After these particular users started using it, they found some faults, especially in the ammunition feed. They all believed they were bugs in their own gun. In December 2014, an experienced firearms aficionado made a YouTube video demonstrating the gun's flaws, unofficially calling it "Generation 1." After this, the José María Córdova Factory assumed the titanic task of collecting all the pistols that had been sold up to that moment with the purpose of correcting the errors that had been detected.

Taking advantage of the fact that the pistols were collected, at the factory, the spaces were in the frame, the chamber was reinforced (replacing the barrel as well), and safety locks were adjusted, softening the recovery spring and opting to use 100% metal magazines, instead of those made of polymer;, slide weight was also lowered. Hence there is talk of the "evolution" of the weapon.

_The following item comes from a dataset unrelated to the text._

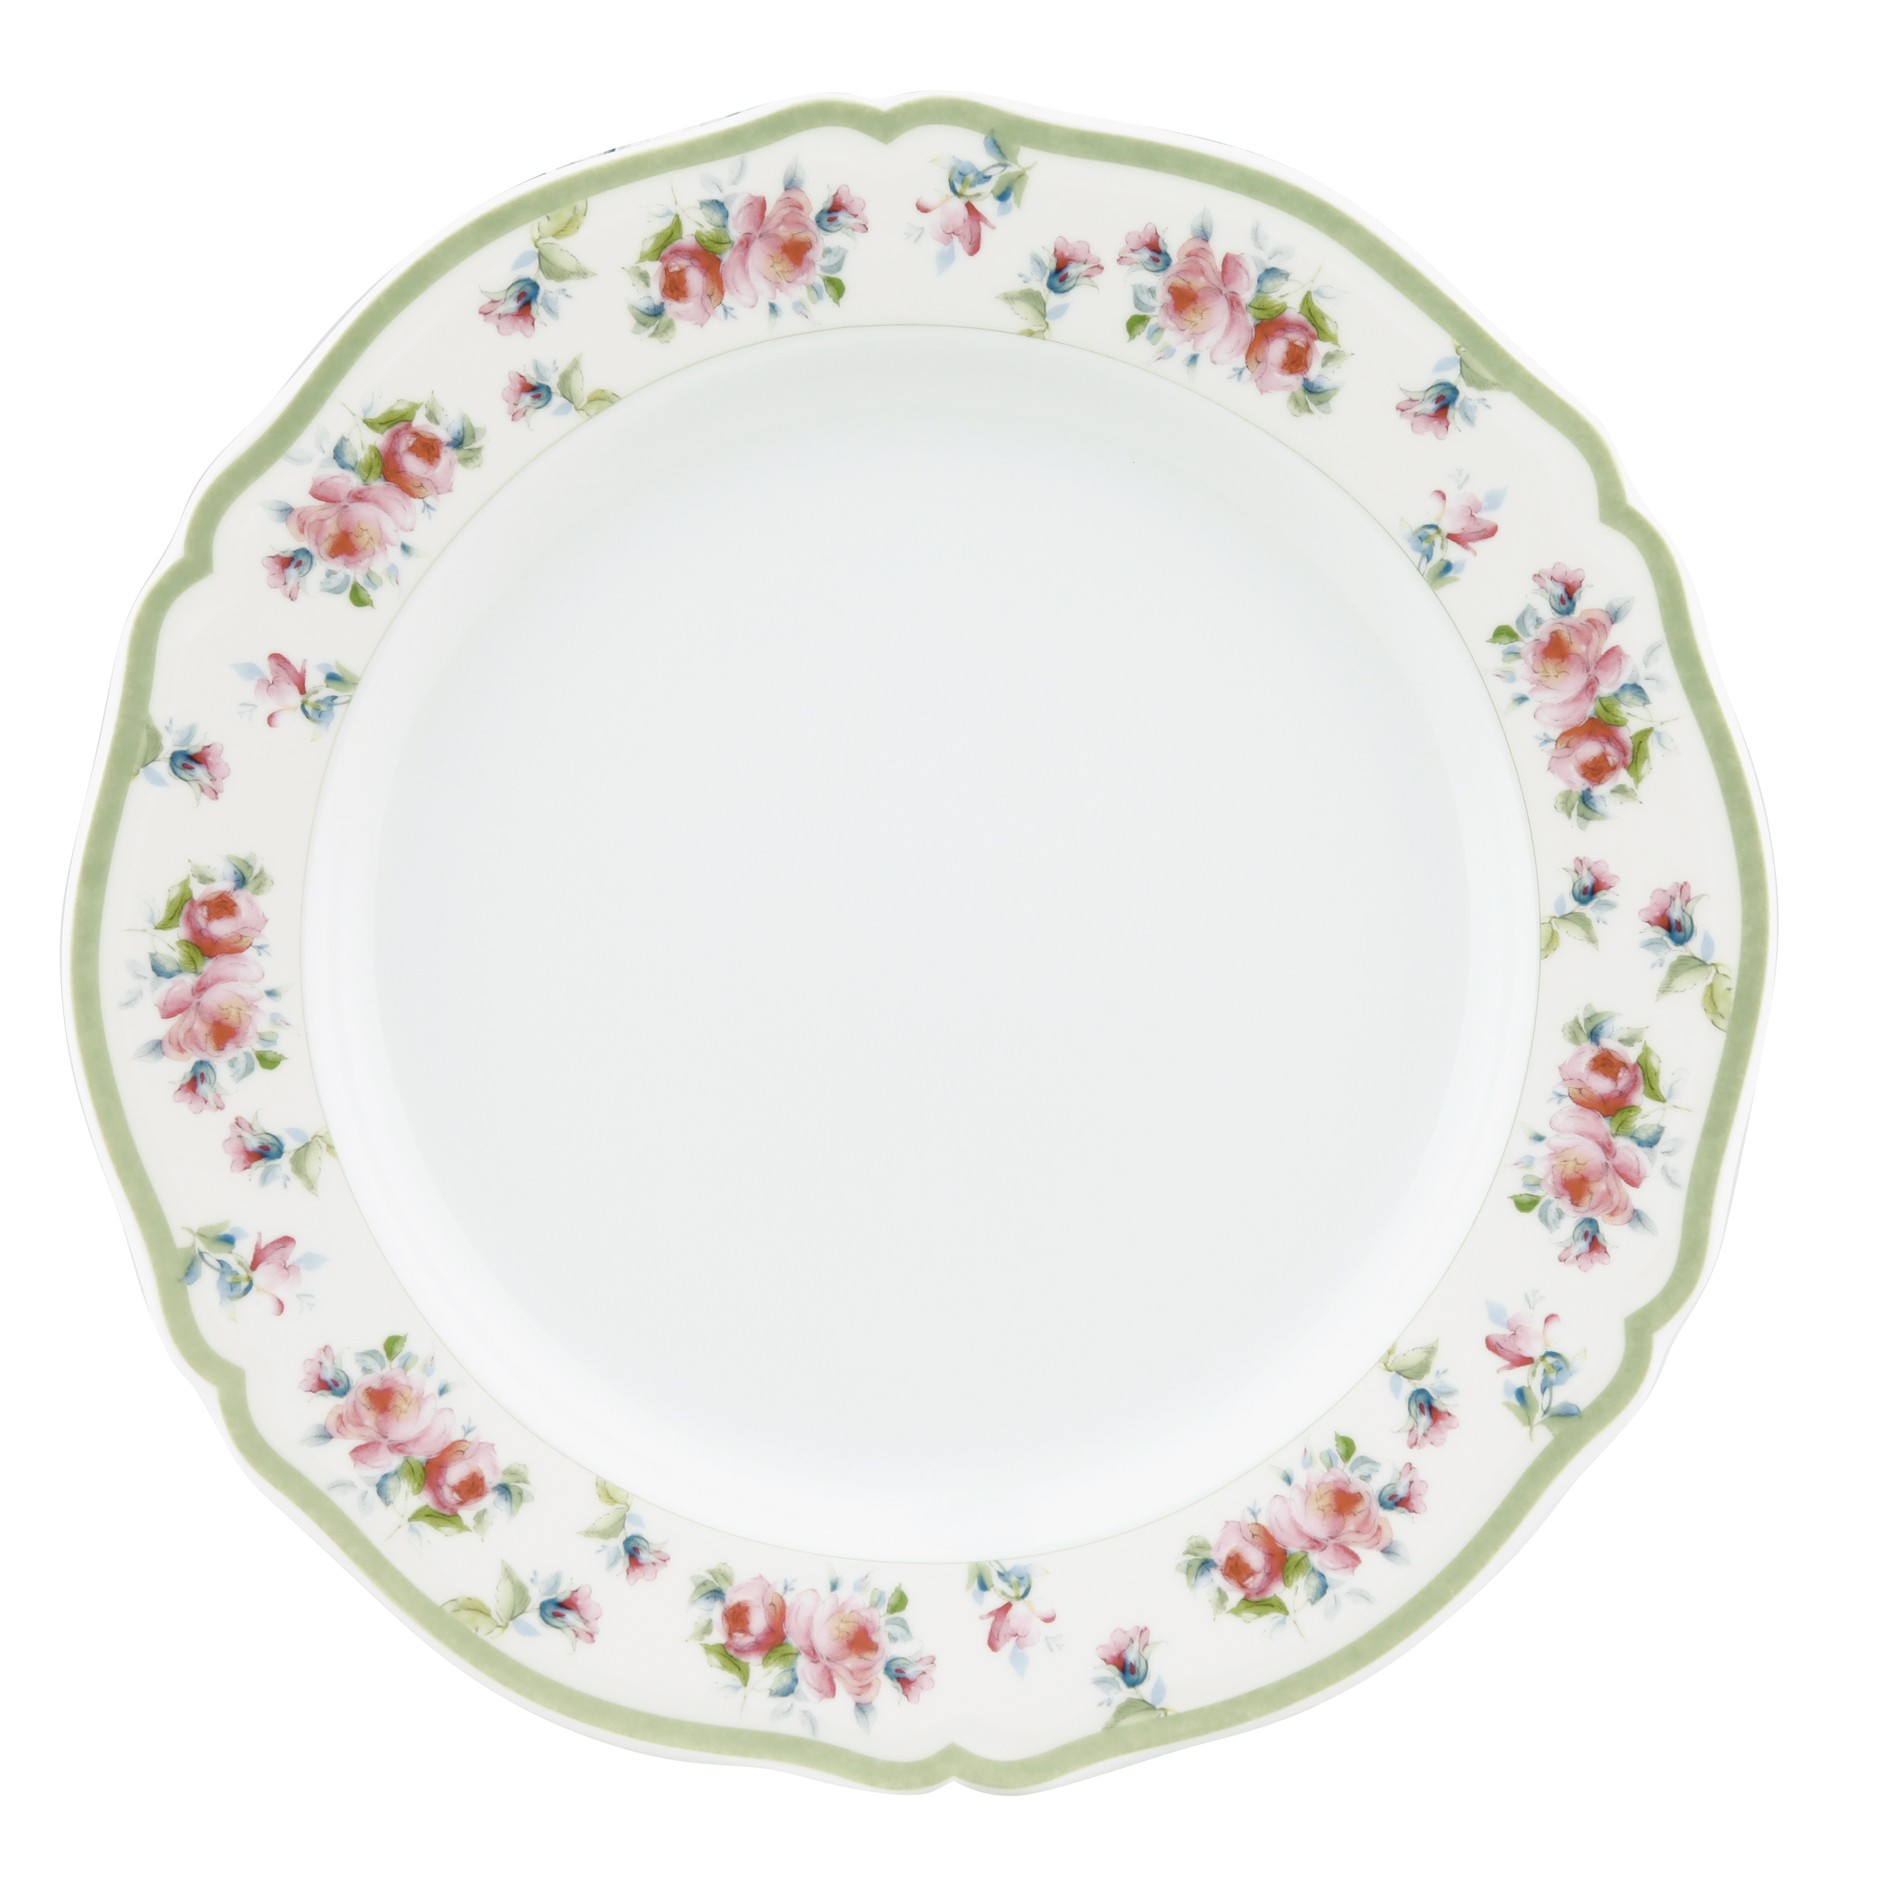 Πιάτο Ρηχό Στρογγυλό Σετ 6Τμχ Romantica 26,6cm Ionia home   ειδη σερβιρισματος   πιάτα

Production of the Córdova stopped completely because the factory focused solely on correcting the flaws in the pistols they had produced to date. By May 2015, 75% of the pistols on the market had been corrected, and the same firearms enthusiast made a new YouTube video demonstrating the new corrected Córdova pistol, unofficially calling it the "Generation 2". By August 2015, 99% of the pistols were ready, with commercial production starting again in September of the same year.

In June 2016 a definitive version of the pistol is released, and the same firearms enthusiast made a new YouTube video demonstrating the new final Córdova pistol, unofficially calling it the "Generation 3".